Today? Half the sites I need to read to put together my newsletter return “Are you a robot?” for any conventional HTTP request. The other half renders the content entirely in JavaScript — there’s no HTML at all in the server response. And the most paranoid ones combine both.

My goal was to create a daily routine so that M.arvin would deliver the top news to me in the morning on my Discord. That way I wouldn’t have to go hunting for the news of the day. Sounded simple… at first.

This post is about how I went from “one HTTP call” to “packing an entire Chromium into Docker” — and why this is the reality of any project that needs to read the web programmatically in 2026.

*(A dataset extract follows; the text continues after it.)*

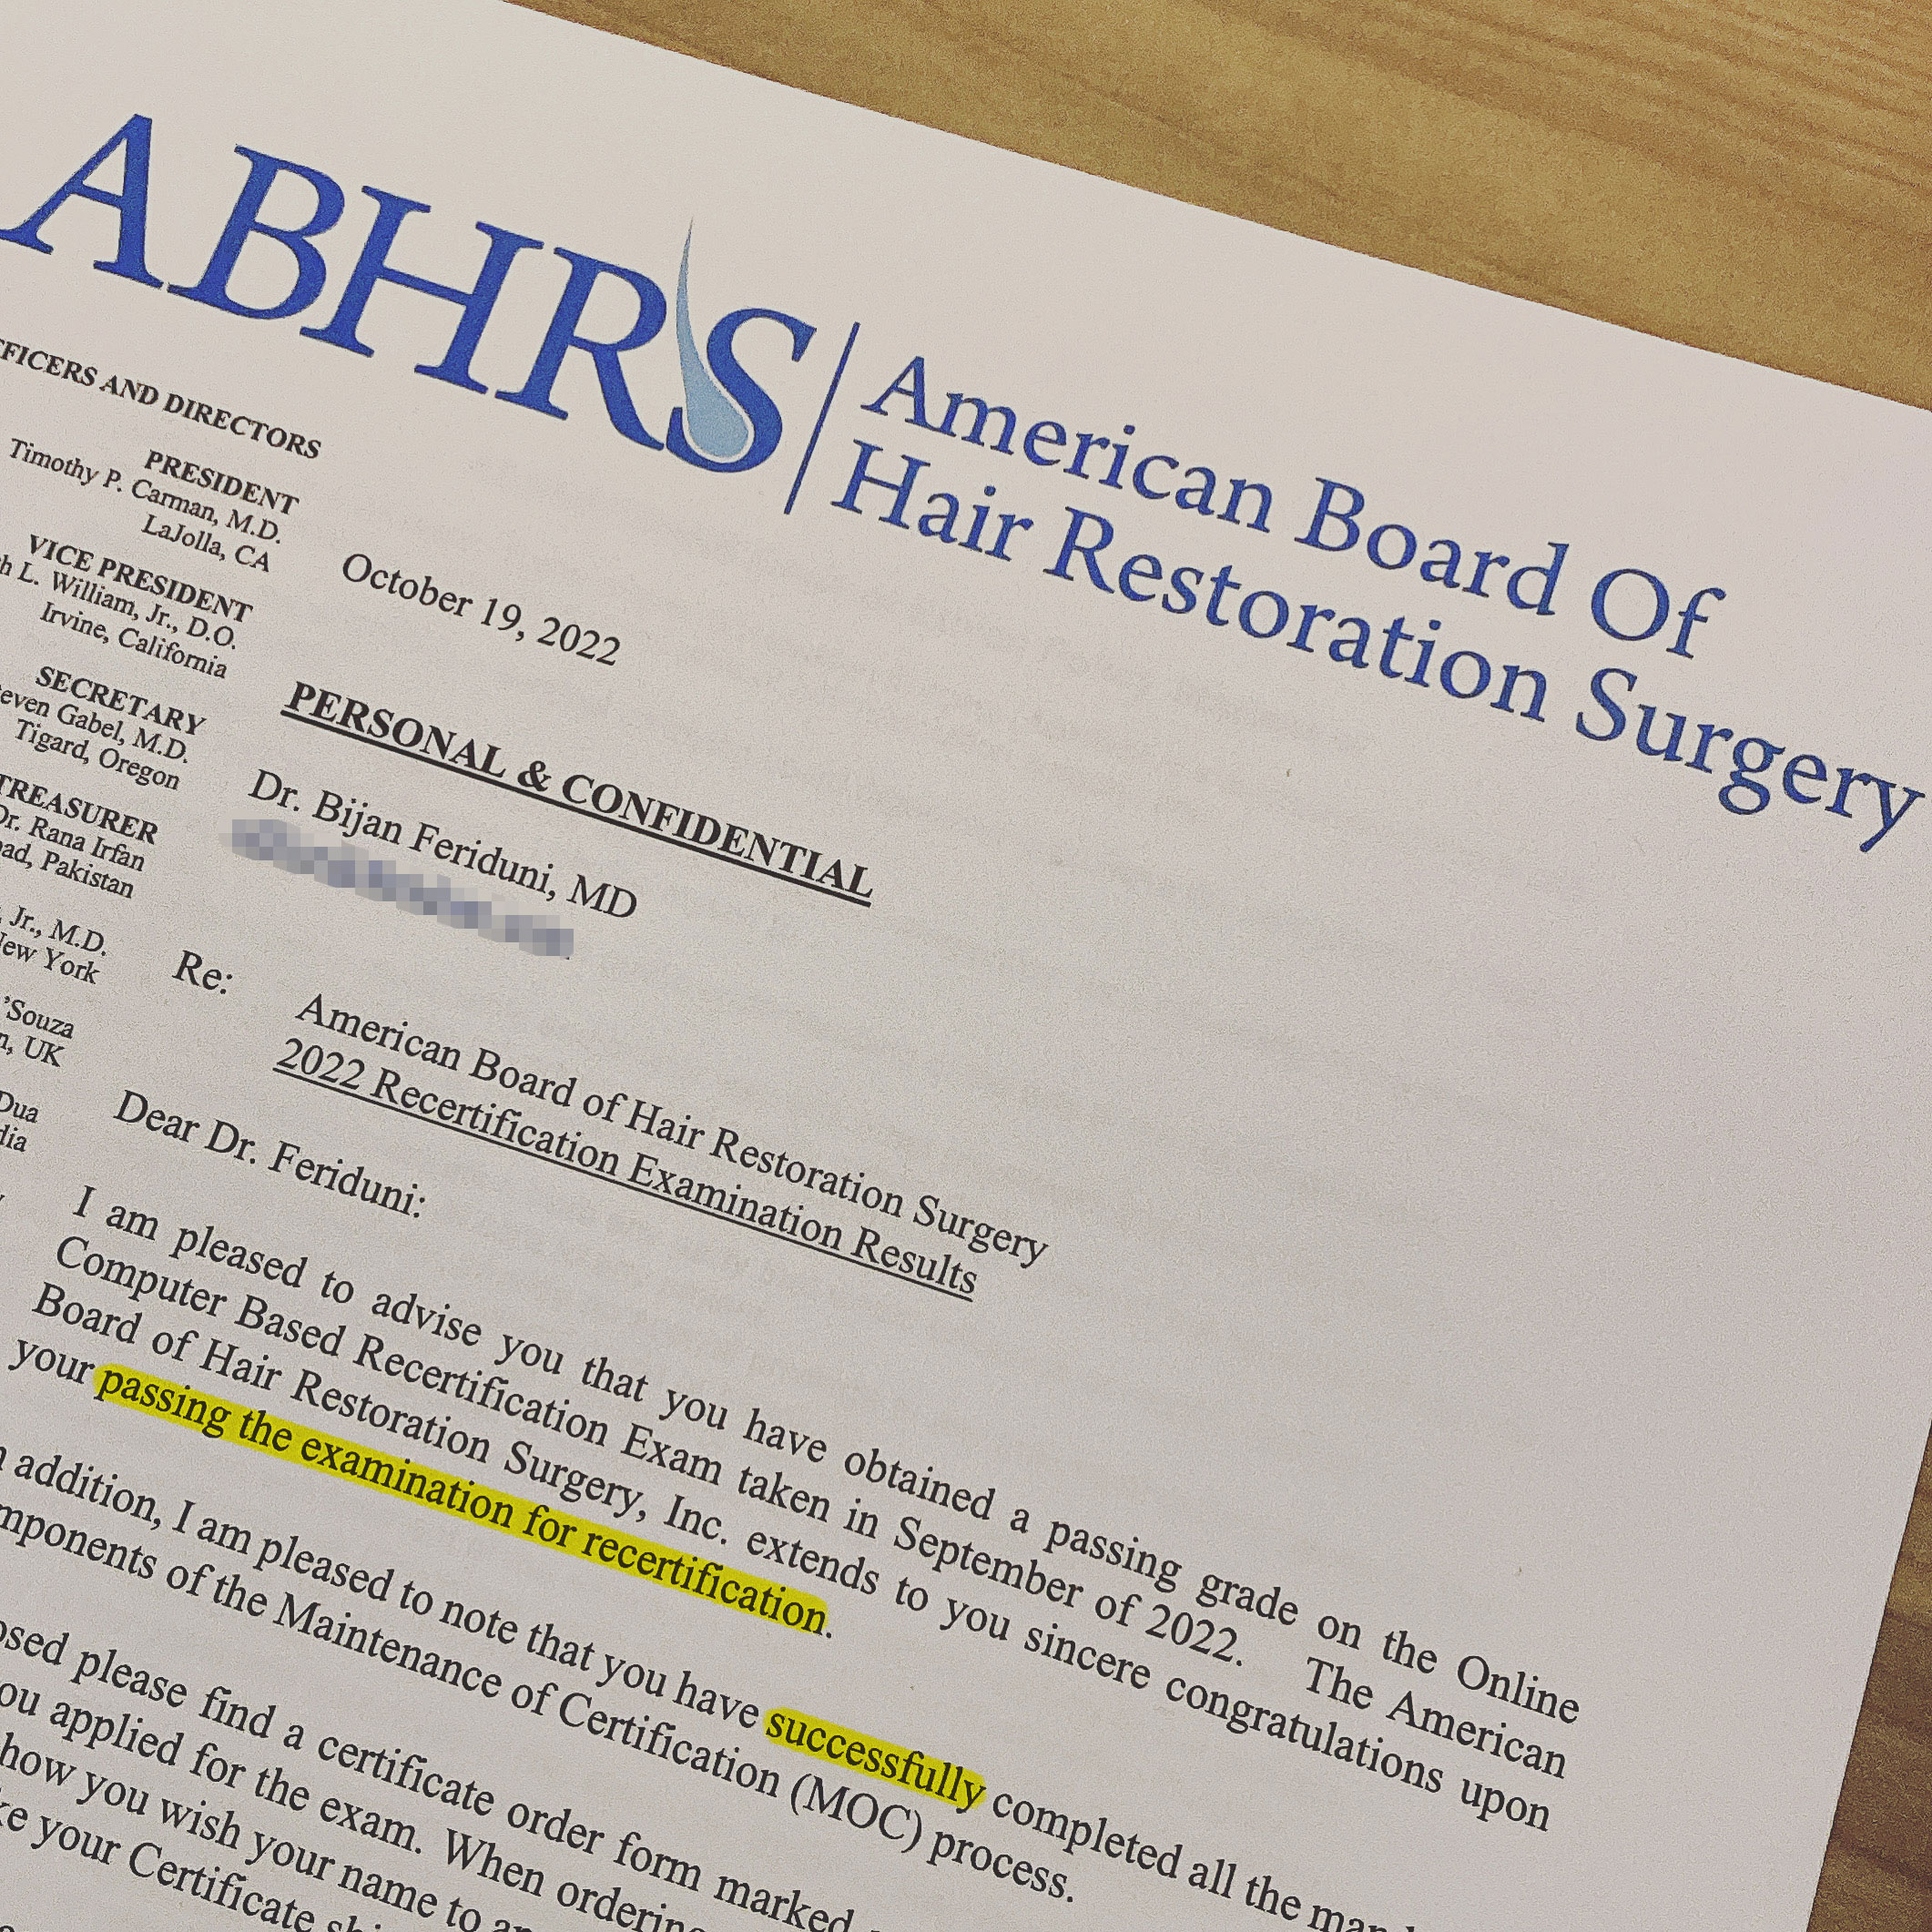 ABHRS News - Dr. Feriduni

The Golden Age: Simple HTTP

Let’s start with what still works. Some services offer structured data with zero resistance:

# RSS feeds: the most resilient format on the web
uri = URI("https://news.google.com/rss/search?q=when:24h+allinurl:reuters.com/world")
xml = Net::HTTP.get(uri)
doc = REXML::Document.new(xml)
doc.get_elements("//item").each do |item|
  title = item.get_text("title").to_s
  url   = item.get_text("link").to_s
end

# Public APIs: clean JSON, documented, stable
response = HTTParty.get("https://api.jikan.moe/v4/top/anime?filter=airing")
animes = response.parsed_response["data"]

# GitHub trending: server-rendered HTML with no protection
html = HTTParty.get("https://github.com/trending").body
doc = Nokogiri::HTML(html)
repos = doc.css("article.Box-row")

Hacker News, GitHub Trending, anime APIs, RSS feeds, Project Gutenberg — they all work with a GET and a parser. No JavaScript, no implicit authentication, no fingerprinting. Just like the web was supposed to be.

The problem is that these are the exception. Sites with financial data, exclusive news, or premium content — exactly the data that matters most — are increasingly armored.

The First Obstacle: SPAs and JavaScript Rendering

When the server returns something like:

<html>
<body>
  <div id="root"></div>
  <script src="/app-3fa8c2.js"></script>
</body>
</html>

Your Net::HTTP.get returns exactly that: an empty div and a link to a 2 MB bundle. The real content — articles, prices, lists — is assembled in the browser by React, Vue, Angular, or the framework of the week.

For a script, this page is useless. To extract the content, you need to execute the JavaScript. That means running a real browser.

In the Ruby world, the answer is the ferrum gem — a CDP (Chrome DevTools Protocol) client that controls Chromium programmatically:

browser = Ferrum::Browser.new(headless: "new", timeout: 30)
browser.go_to("https://www.morningstar.com/markets")
browser.network.wait_for_idle  # wait for JS to finish loading
html = browser.body  # now the DOM is populated
browser.quit

That browser.body returns the HTML after the JavaScript has executed. The same data you see in the browser, now accessible to your parser.

But here’s where the headache begins: you need a Chromium binary available on the system. In Docker, that means adding ~300MB to the image. On the server, that’s one more dependency to manage. And the latency of opening a browser, navigating, waiting for JS to render, and extracting the HTML — we’re talking 3 to 10 seconds per page, instead of the 200ms of an HTTP GET.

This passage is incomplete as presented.